1. A method for identifying a video of an album is characterized by comprising the following steps:

inputting video data to be recognized into the video recognition model;

2. The photo album video identification method according to claim 1, wherein the building of the video identification model based on the deep learning comprises building the video identification model based on a long-term cyclic convolutional neural network model, and the video identification model comprises a convolutional neural network-based feature extraction layer and a cyclic neural network-based feature mining layer.

3. The photo album video identification method according to claim 2, wherein after the video identification model is constructed based on the long-term cyclic convolution neural network model, the method further comprises the following steps:

training a residual error network layer for extracting image features;

4. The method for photo album video identification according to claim 3, wherein the training the residual network layer for extracting image features comprises training the residual network layer for extracting image features by using image sets under a plurality of scenes.

5. The method for identifying photo album video according to claim 4, wherein the step of replacing the feature extraction layer in the long-term cyclic convolution neural network model with the residual error network layer comprises the following steps:

6. The method for identifying photo album video according to claim 3, wherein the step of inputting the video data to be identified into the video identification model comprises the following steps:

7. The photo album video identification method according to claim 2 or 3, wherein after the video identification model is constructed based on the long-term cyclic convolution neural network model, the method further comprises the following steps:

8. The method for photo album video identification according to claim 1, wherein the feature extraction layer comprises a trained residual network layer, and/or the feature mining layer comprises a bidirectional long-short term memory network layer.

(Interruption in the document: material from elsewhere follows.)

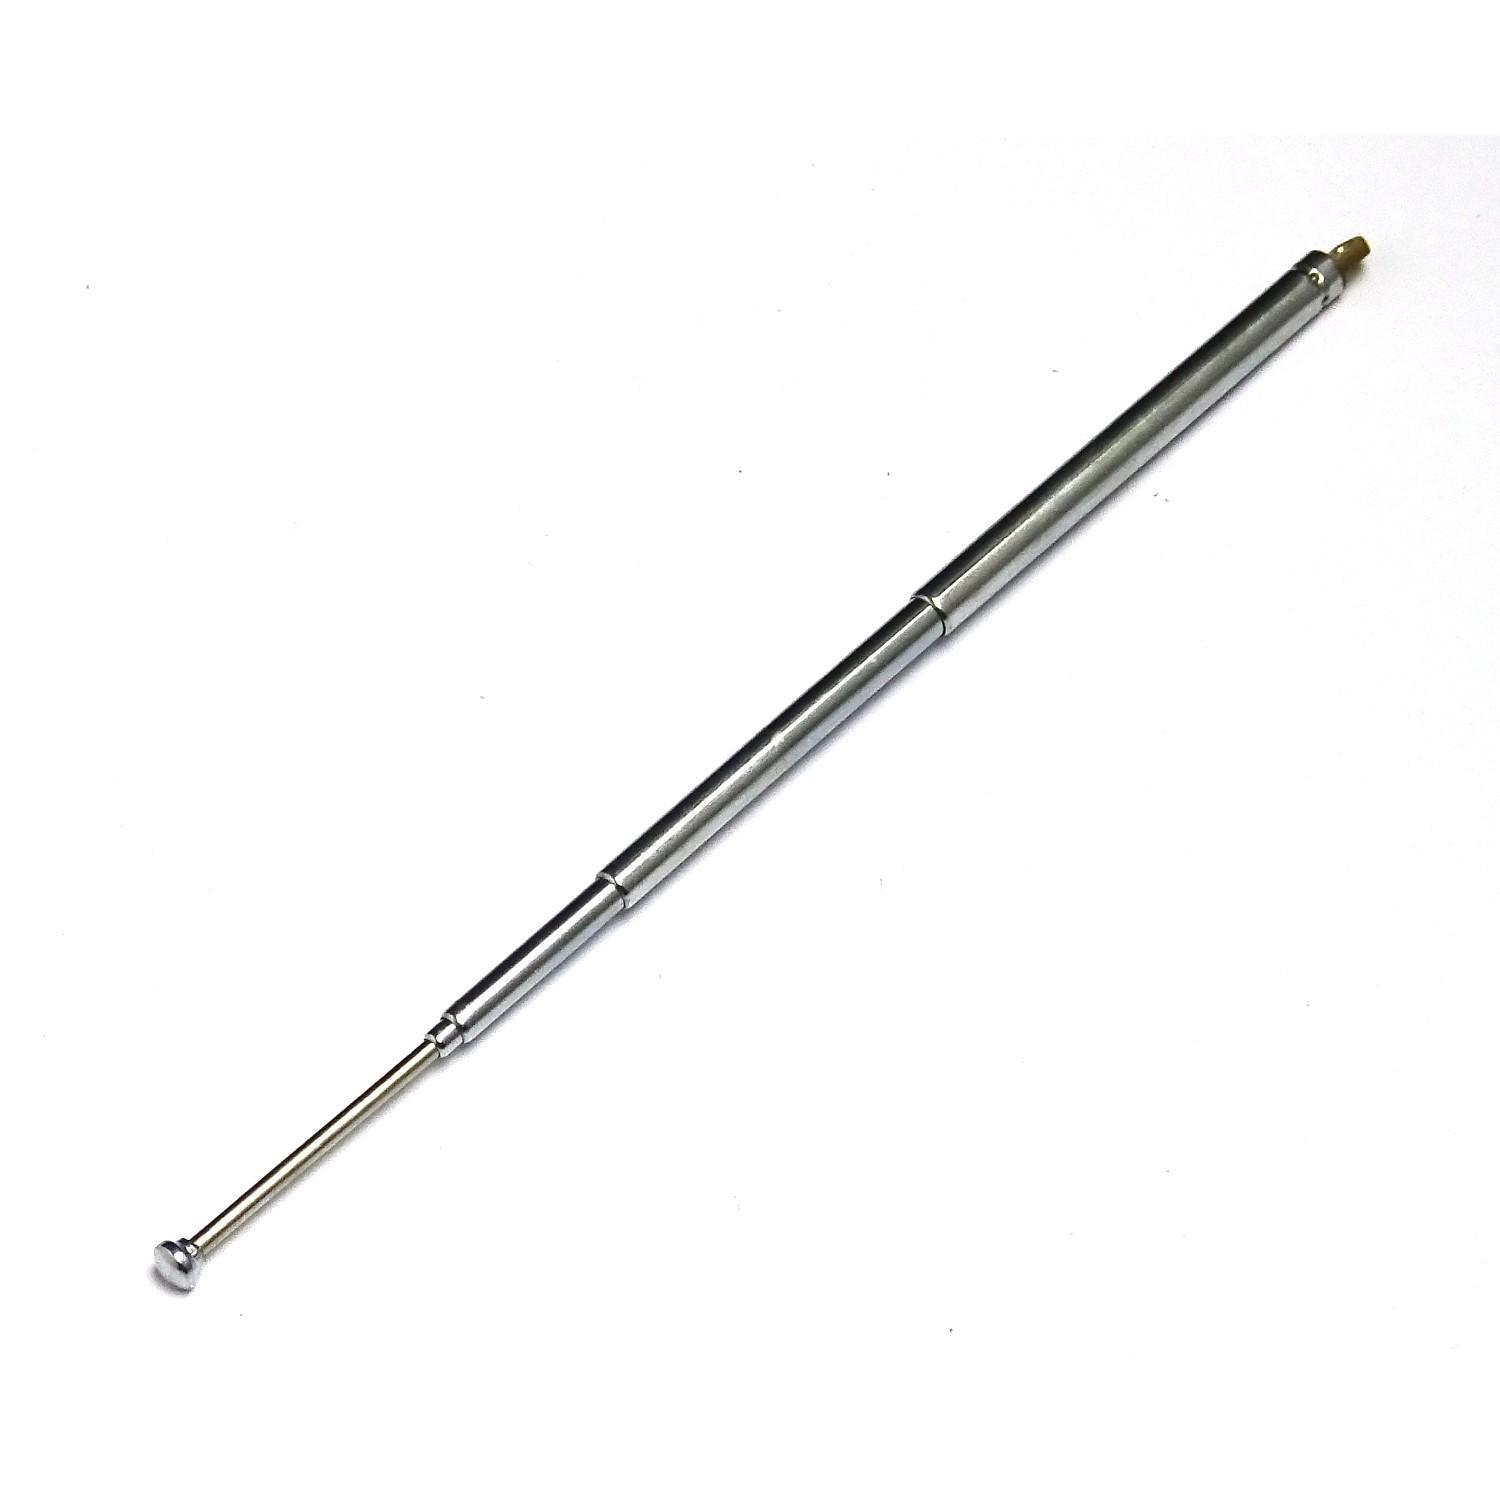 Replacement 5 Sections Telescopic Antenna Aerial for Car Phone Radio TV - UK Seller

9. The album video identification method according to claim 1, wherein after determining whether the video data to be identified is an album video according to the output of the output layer of the video identification model, further comprising the steps of:

10. An album video recognition system for implementing the album video recognition method according to any one of claims 1 to 9, the system comprising:

11. An apparatus for video recognition of an album, comprising:

a processor;

a memory having stored therein executable instructions of the processor;

wherein the processor is configured to perform the steps of the album video identification method according to any of claims 1 to 9 via execution of the executable instructions.

12. A computer-readable storage medium storing a program, wherein the program, when executed by a processor, implements the steps of the album video recognition method according to any one of claims 1 to 9.